The U.S. Armed Forces continue to be the world’s most paramount military institution, second to none in terms of the professionalism of its servicemembers and the sophistication of its technology. By virtue of its awesome might and innovation, the American people can rest assured that their military is able and ready to defend them in the event of a conflict or crisis. No serious person would suggest otherwise.

While modernization and equipment maintenance are essential to a strong and durable military, these issues have less to do with a lack of predictable funding and more to do with 17 consecutive years of troop deployments in the Middle East, Africa and South Asia. If the U.S. military is overstretched, it’s due in large part to never-ending counterinsurgency and stability operations on three separate continents, not to mention Washington’s continued partial subsidization of wealthy European allies who have happily allowed the United States to serve as their first line of defense.

Washington policymakers have for far too long refused to establish national security priorities based on core U.S. security and prosperity interests, incorrectly believing that the U.S. military is the magic solution to the world’s multiple political problems.

If combat aircraft are in need of repair and the Navy’s aircraft carriers are stuck in maintenance depots, it’s because the foreign policy establishment decided it was America’s responsibility to provide security for the world instead of the United States — regardless of the cost to the nation’s economic prosperity and however detached the policy may be from core U.S. national security.

Put simply: A fixation on global primacy, not a lack of budgetary resources, is what has spawned the U.S. military’s challenges.

Unless Washington differentiates the truly important missions from the secondary and tertiary, there is no politically realistic amount of money to do everything, to provide security for the world.
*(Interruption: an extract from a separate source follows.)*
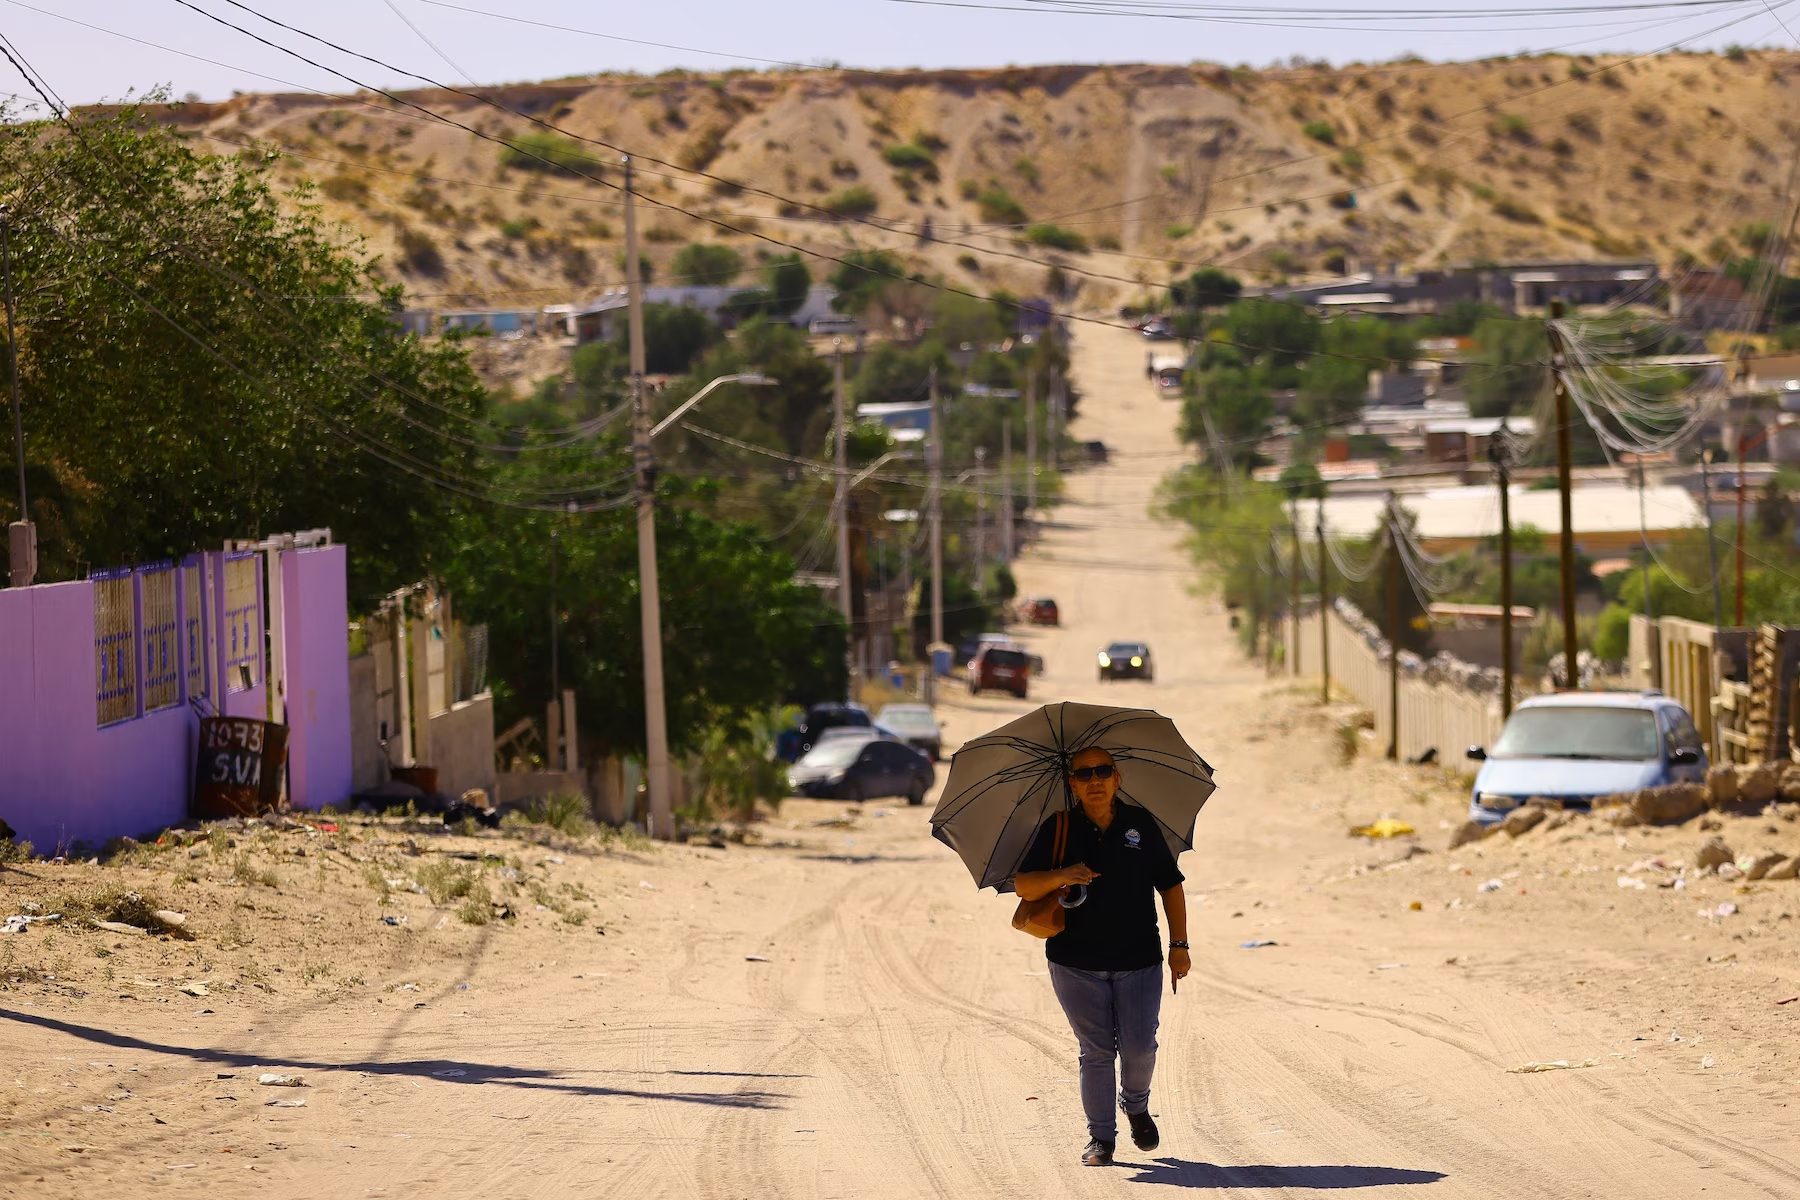 Las altas temperaturas han afectado la salud y suministros en distintas comunidades. - Foto Jose Luis Gonzalez/Reuters

Policymakers can now longer operate in a world as they would like to be, with unlimited amounts of taxpayer money at their disposal. They have to set priorities and focus more on strengthening the U.S. economy and investing in military power for an era of great power competition. Tangents such as playing peacekeeper between Turks and Kurds, maintaining an indefinite presence in the Syrian desert, and serving as Afghanistan’s perpetual guardian is both a strategic distraction and a fiscal road to nowhere.
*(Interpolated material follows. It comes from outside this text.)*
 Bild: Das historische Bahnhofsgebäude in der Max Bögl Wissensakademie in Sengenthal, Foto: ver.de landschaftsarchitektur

America’s debt crisis cannot be ignored forever. Too often, defense officials and the foreign policy establishment play down the significance of the country’s finances, but basic arithmetic still applies the super powers. The deficit increased by 17 percent over the last fiscal year, a number that will only grow if the U.S. government continues to see the nation’s fiscal woes as the cost of doing business. The national debt is $21 trillion with no end in sight. Policymakers dismiss these fiscal realities out of convenience to our nation’s peril.

The defense budget is set to reach $716 billion in fiscal 2019. At no point in America’s 242-year history has the figure been this high. The Pentagon doesn’t need more appropriations of taxpayer money — it needs a foreign policy leadership willing to recognize that nearly two decades of counterinsurgency, regime change campaigns, and meandering wars have degraded the U.S. military and put extreme pressure on the U.S. Treasury.
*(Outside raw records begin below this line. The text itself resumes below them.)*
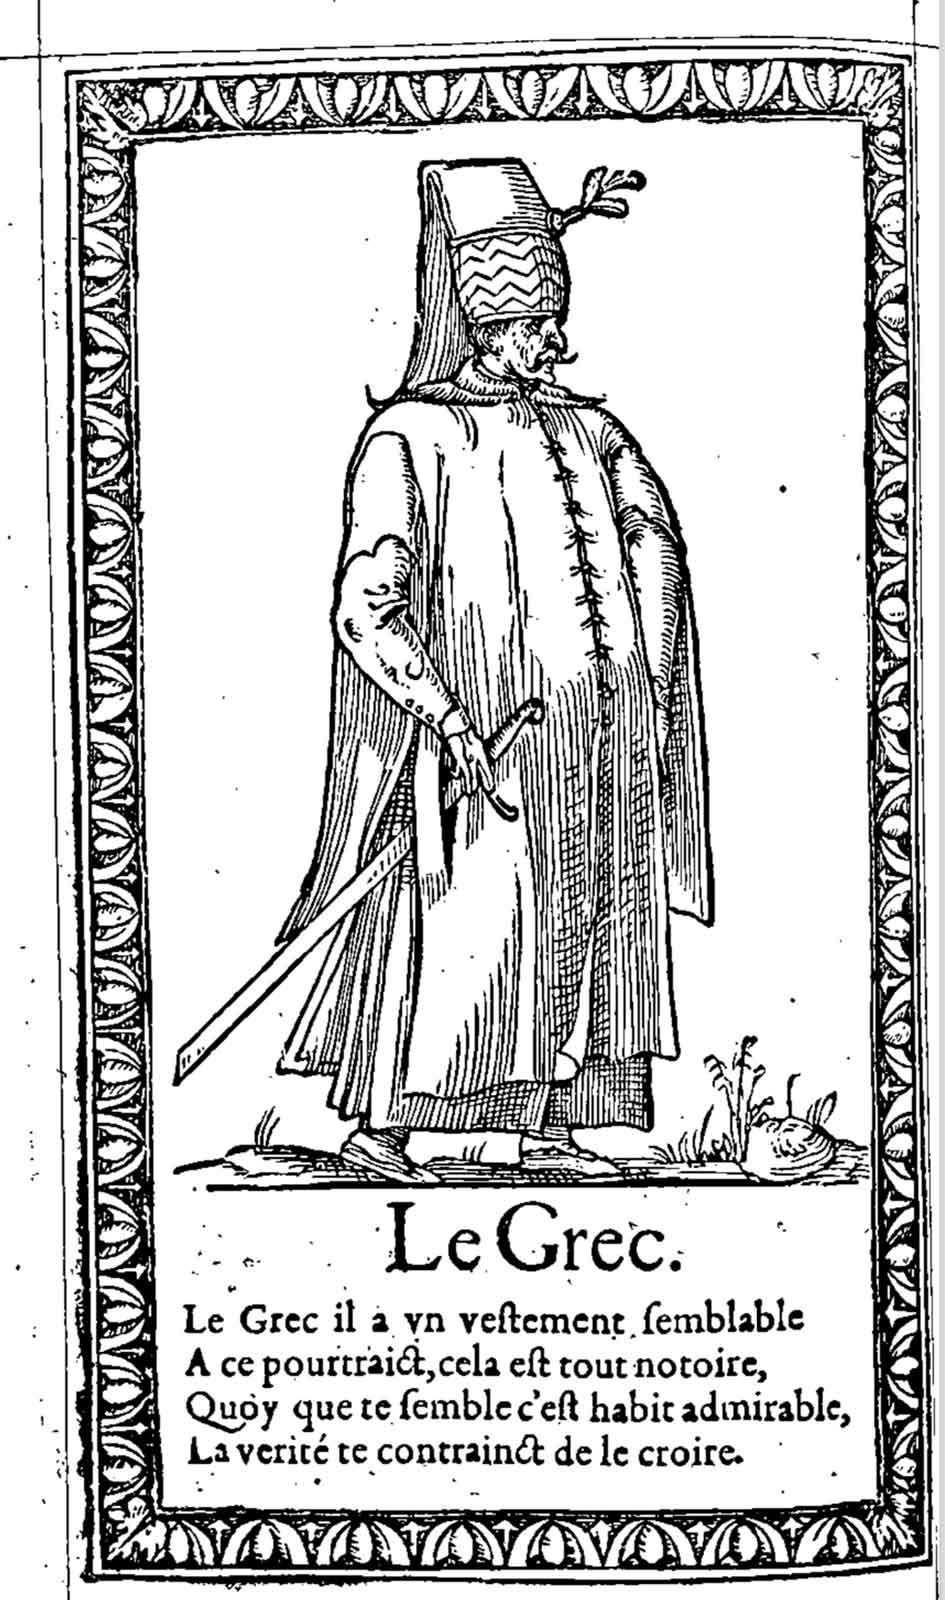 Le grec. Desprez, Recueil de la diversité des habits (1564)
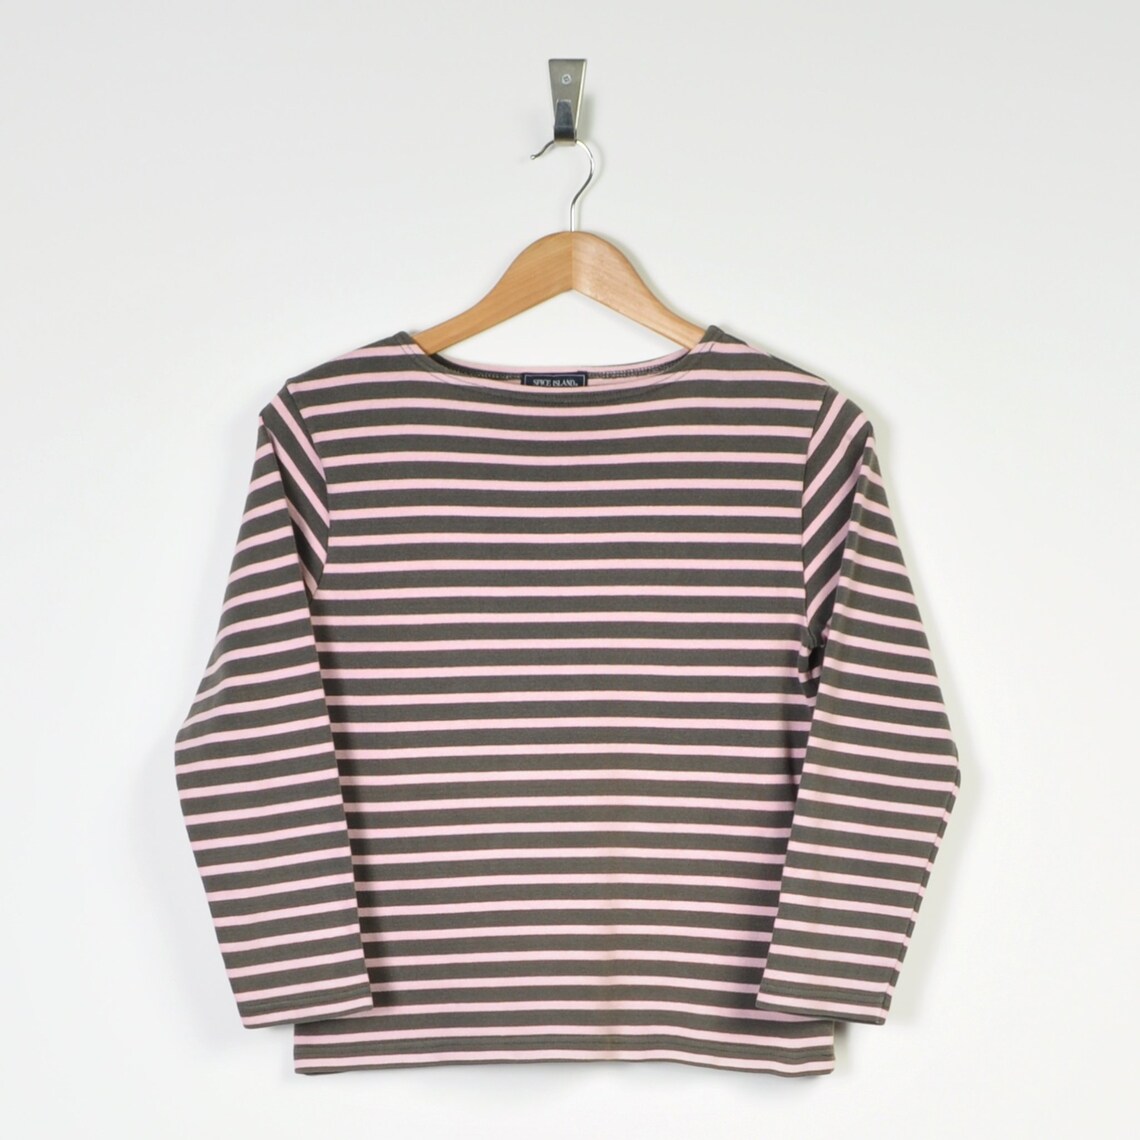 Retro Striped T-Shirt Brown Ladies Medium | Etsy
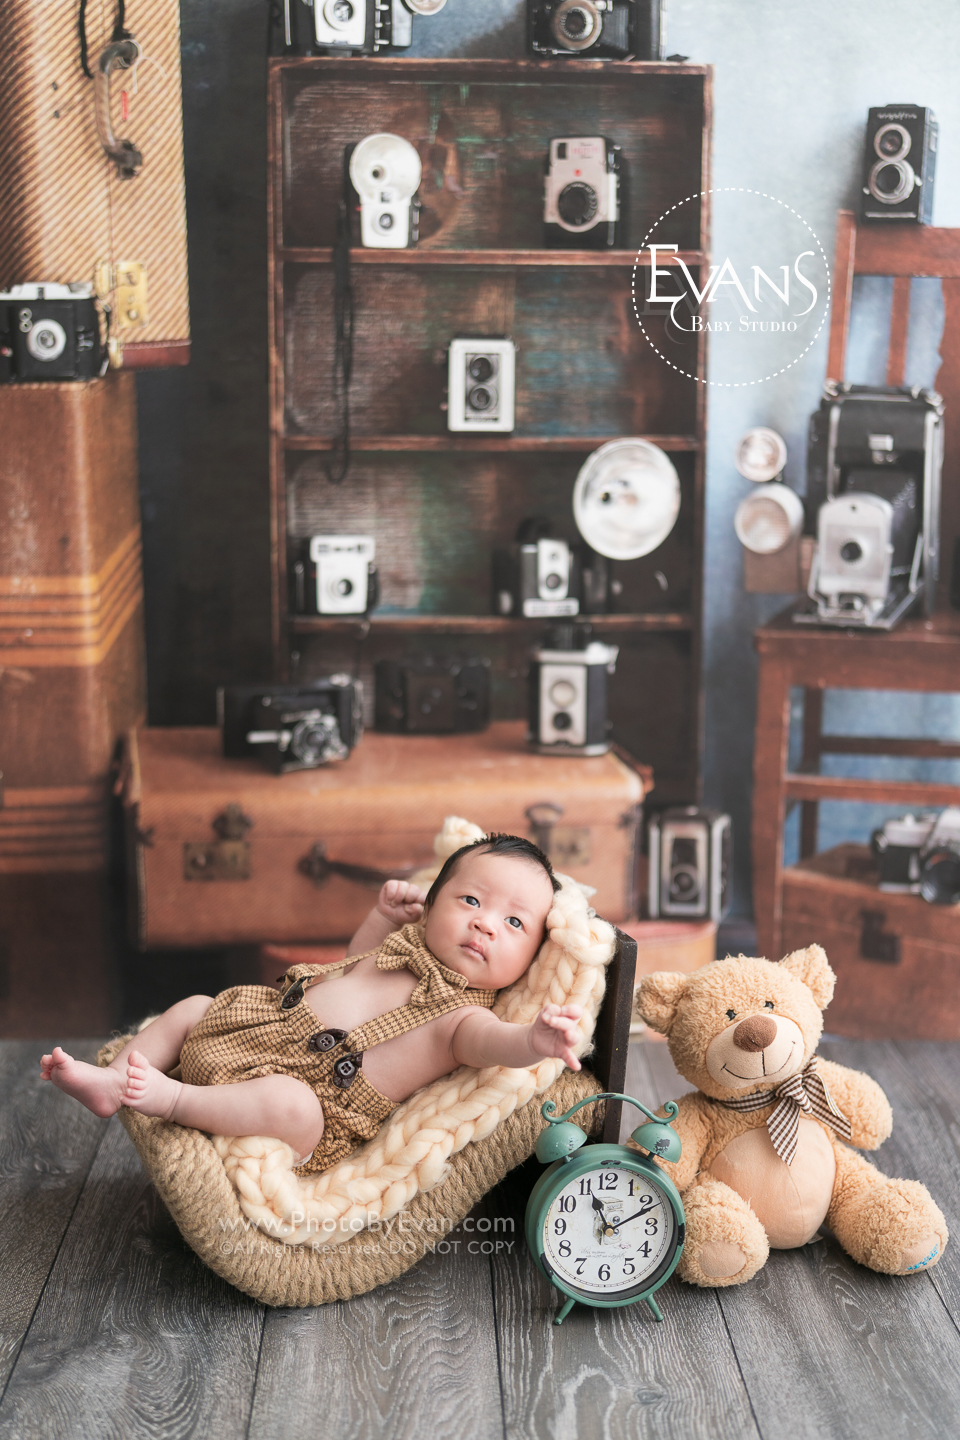 滿月嬰兒, 一個月嬰兒, 滿月bb, 滿月攝影, 一個月嬰兒攝影, bb 攝影, 嬰兒攝影, 初生攝影, baby photography, hong kong baby studio, baby studio

Last weekend, Mr. Mattis said that reducing defense spending “would be a dangerous disservice to our troops and the American people they serve and protect.” However, the real disservice to our troops is maintaining a status quo of interventionism that hurts, not helps, U.S. national security. In his own unique way, President Donald Trump said it best in a Dec. 3 tweet: “The U.S. spent 716 Billion Dollars this year. Crazy!” One can only hope that his national security advisers and the rest of the defense establishment have the dexterity to catch up to him.

• Daniel DePetris is a fellow at Defense Priorities.